Ketotifen also inhibits TNF Alpha and can be purchased from a few research stores.

IIRC ketitifen is an anti-histamine and anti-histamines fuck the FED state in the mouth so that wold be a poor approach at realizing benefit torwards joint health.

considering Liorrh's and Marc's recent posts suggesting not to fuck with TNF -alpha I'm a little lost to why you think it would be a good plan to supress it. If your levels are too high then yes... but if not it's my understanding it shouldn't be fucked with. As I said I'm basing this off of what I thought we said in recent threads

there are 3-4 approved meds that block tnf-a (approved for RA).
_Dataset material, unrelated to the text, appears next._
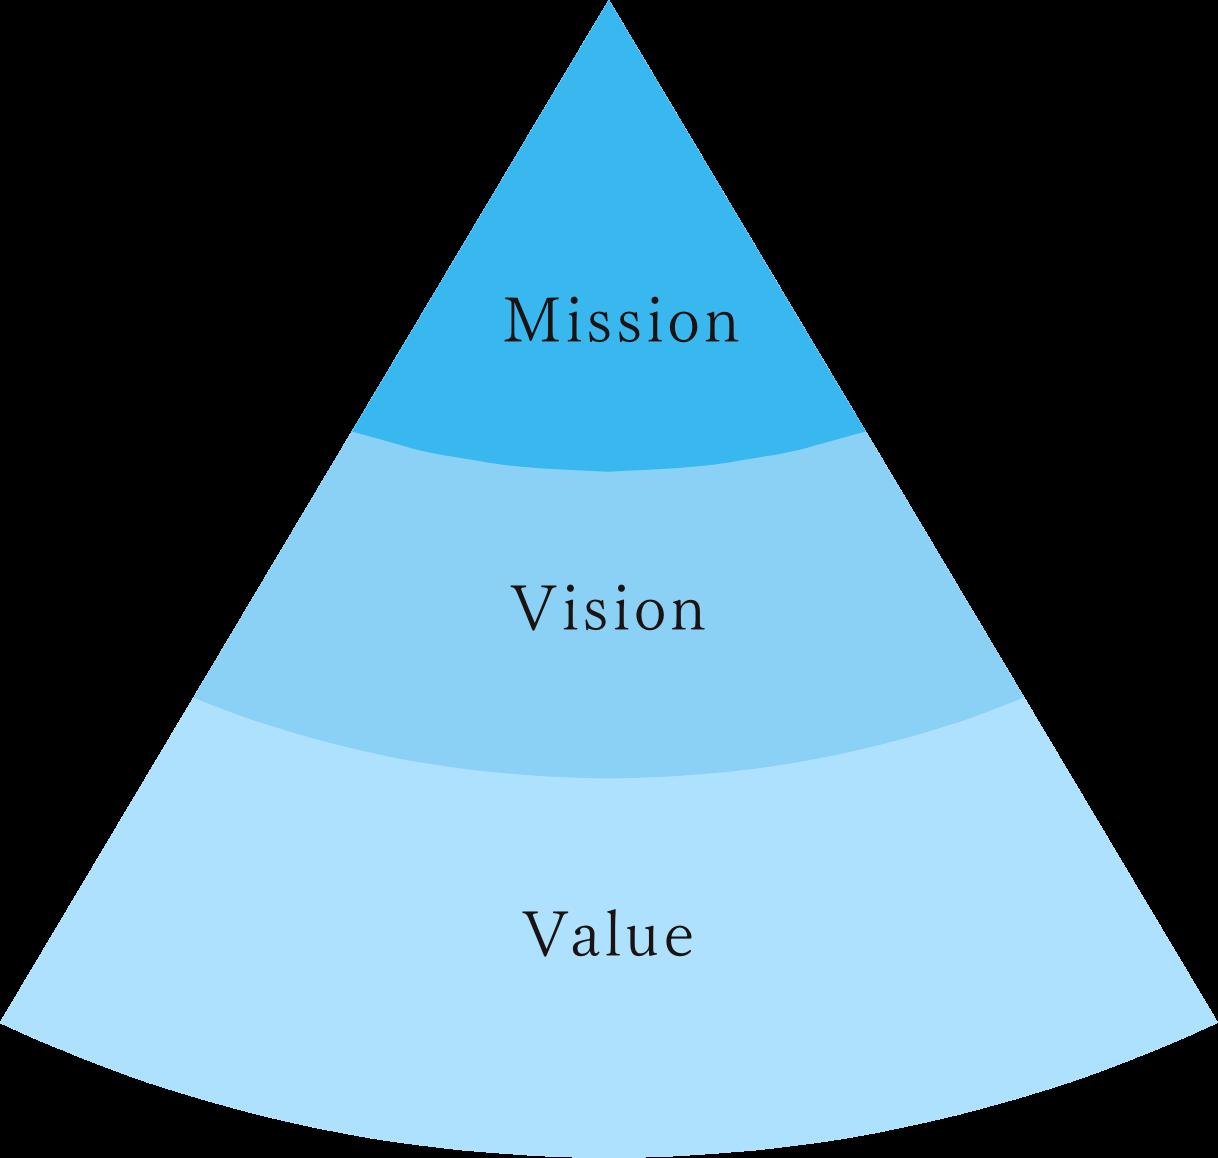 Mission / Vision / Value

side effects are death from infections, esp. latent ones. no info on body composition as those are in serious conditions that could care less about that

What we want to do, is affect a natural rhythm of inflammatory mechanisms. Increasingly, we are seeing that there is too much inflammatory reaction in the body. Whereas, what we are learning, is how these same mechanisms operate in the brain and how to regulate them through out the body. We are at an early stage of merely cataloguing effects, and many many people need TNF inhibitors. There's no point in telling me, of all people, that too much immune inhibition causes death - everyone knows that, in fact, we used this simple fact to predict, correctly, that the body uses immune reactions in a diurnal rhythm to maximise them and because day time inhibition, which we suspect is what happens, would lead to a need for rebound sleep to catch up on immune functions at night, and cell division of some classes of cell. This is exactly what we are now finding rebound sleep is for. What we wish to do is find a variety of agents and what they do and as we learn more about what goes wrong, we can put these combinations together, predict benefits, without waiting for pharmaceutical companies to blunder there way into a cure, which doesn't look imminent for most of the immune conditions.
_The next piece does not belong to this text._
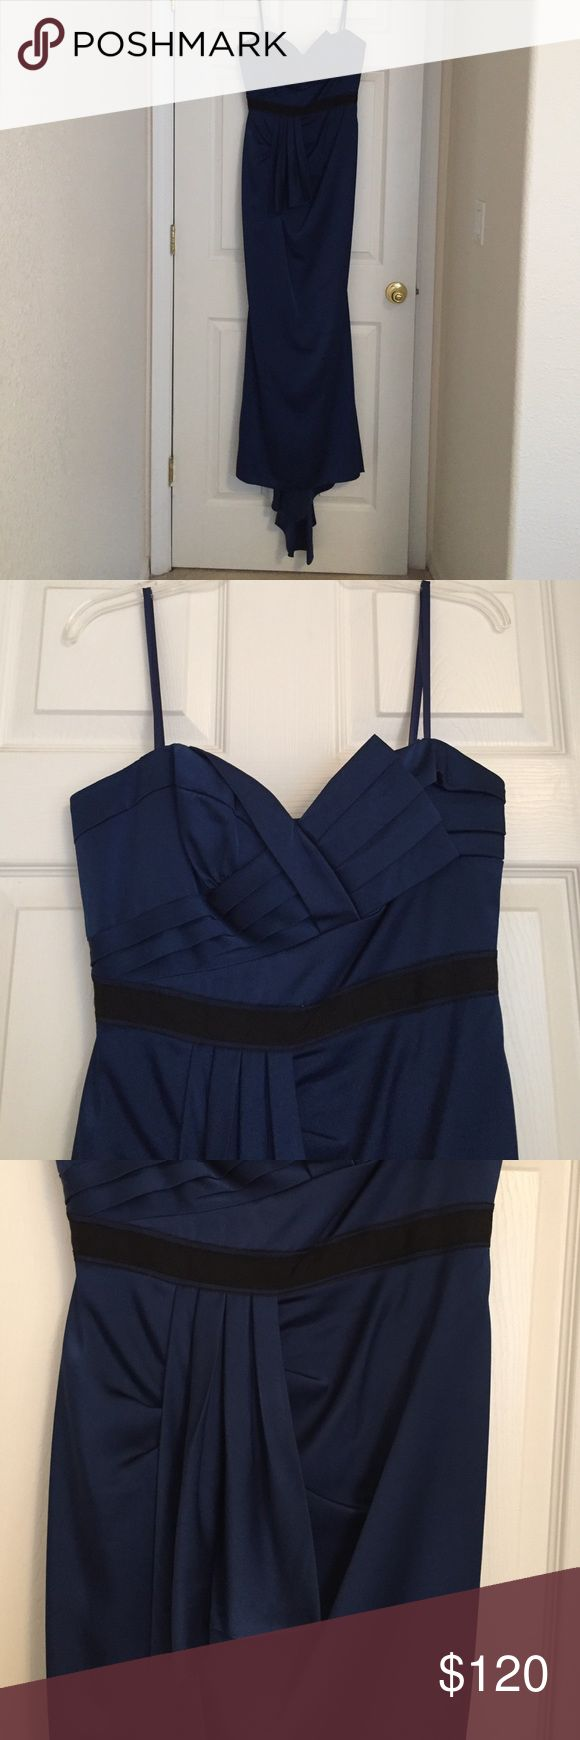 Duchess Satin Dress Brand New! Never been worn! Blue satin long BCBG Maxazria dress. Has a beautiful tail in the back when you walk. BCBGMaxAzria Dresses

Ultimately, we will learn how to modulate immune responses, optimise tissue repair, and cure many diseases, by controlling the way proginitor cells react and mature. Lowering TNF is a crude first base to that end in cases of persistent inflammatory condition. As I hunted for data, I came across this and posted it.
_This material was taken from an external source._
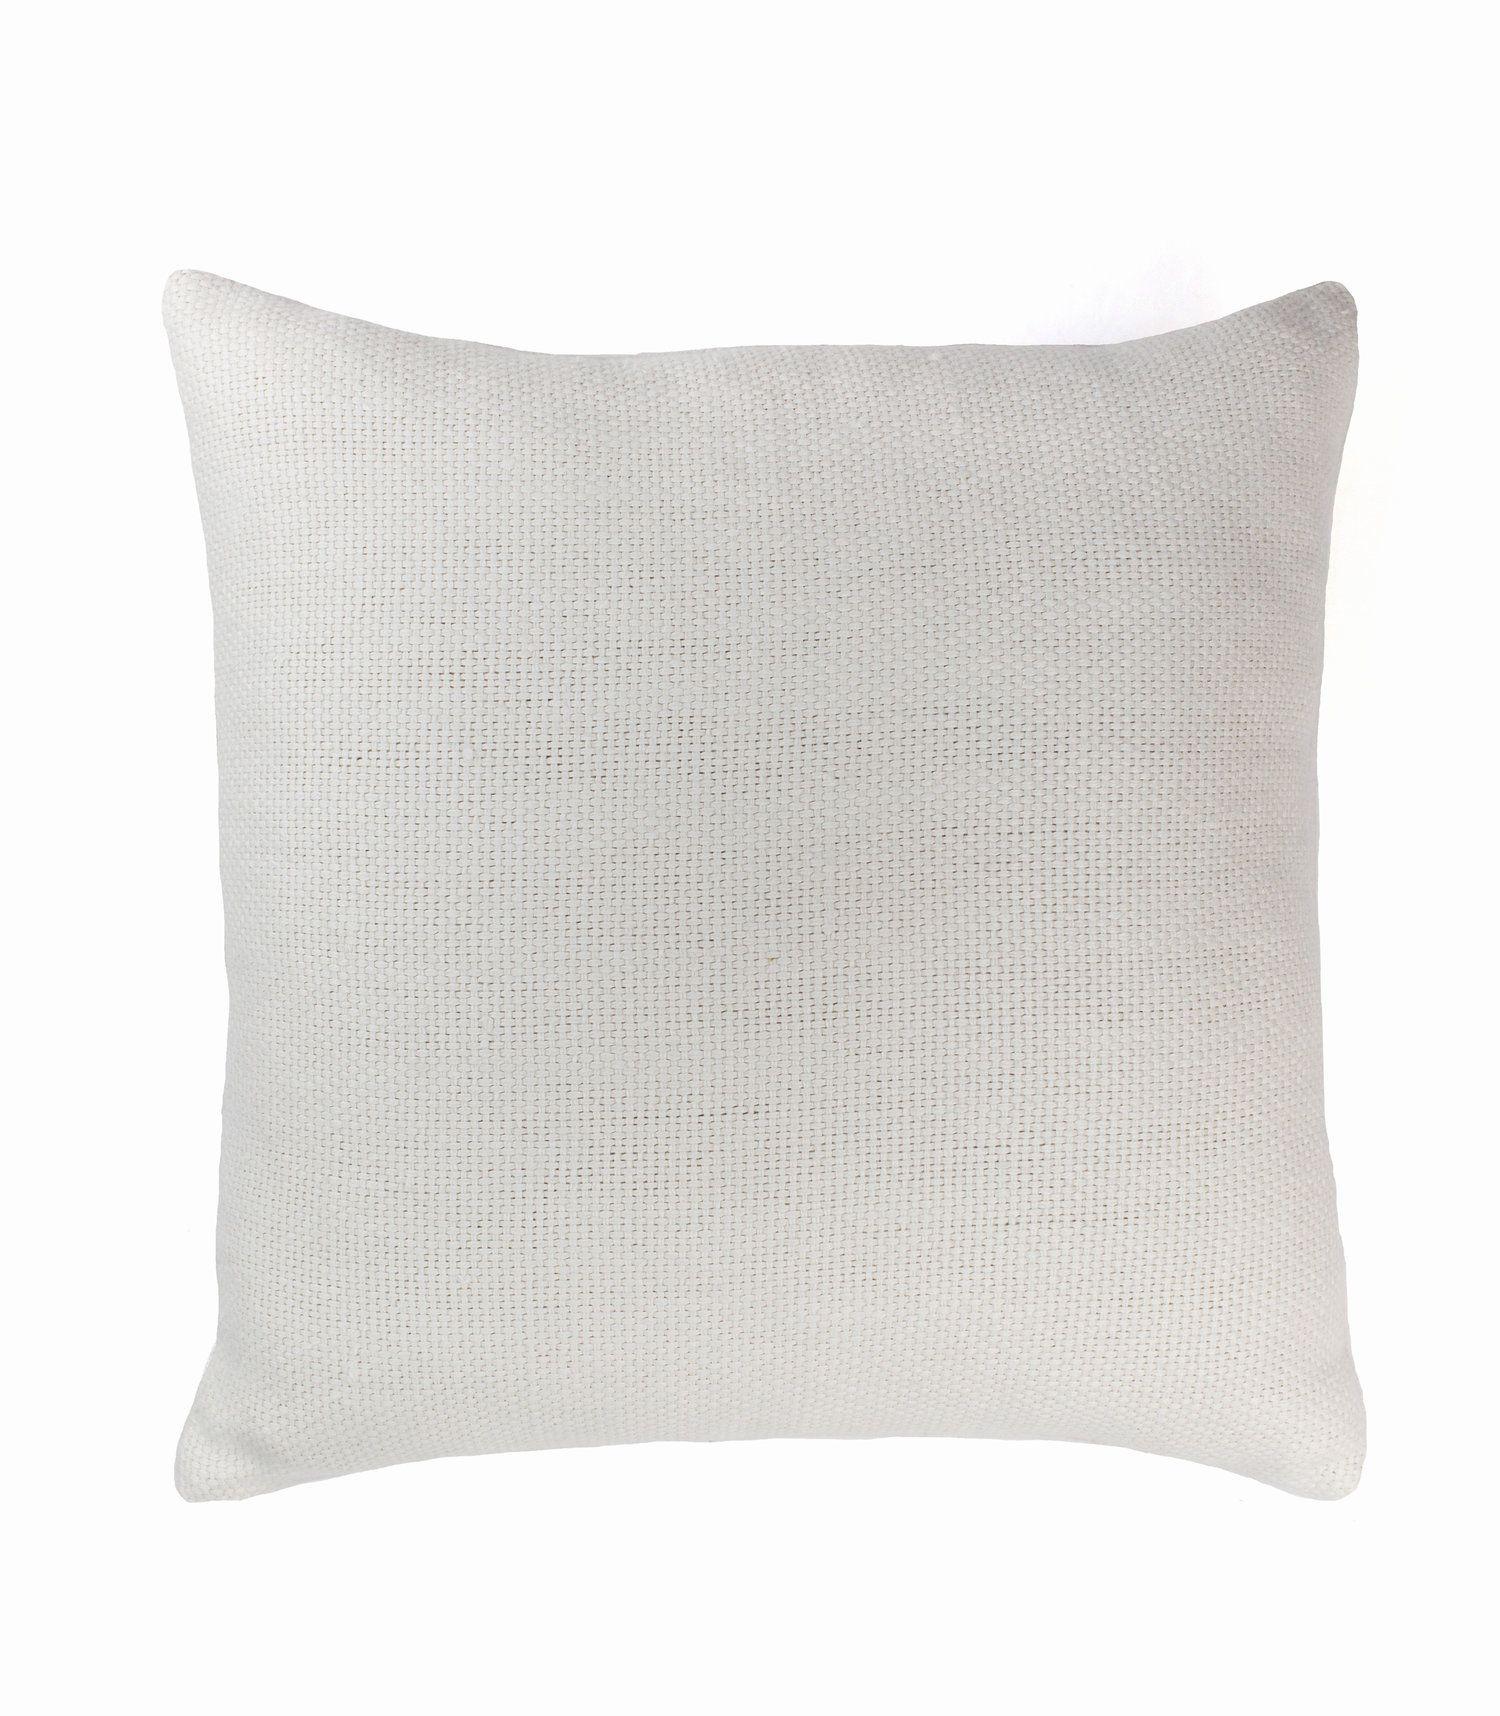 Hugo Linen baskets, Basket weaving, Throw pillows

If you had too much TNF inhibition, the dose and treatment combination can be modulated. This looks as promising or more so than steroids and other commercial anti-inflammatories, which work in vaguely the same way or to similar end, and with plenty of side-effects. Perhaps, once a treatment has worked, the wounds can heal, and a longer lasting treatment can be effected - in traditional medicine, I'm sure others have noticed, treatments which are powerful immune modulators are often recommended to be cycled. That's another angle, but you've got to start with basic data. Its still too basic, but its a start.

Good post from ATB. I don't really have anything to add. Remember that heavy exercise elevates TNF-a and we need that inflammatory response to recover. I have psoriasis in which you have highly elevated cytokines, especially TNF-a. I have never used any conventional medications for my condition. It's hard to find a balance between my messed up immune system and training. I tell you, I can easily get my symptoms go away - I just have to stop training and take a handful of herbs and supplements. Adding training is the hard part, because it's VERY difficult to find the happy mean with my inflammatory response. I take my supplements and train -> no muscle growth and poor recovery and so on.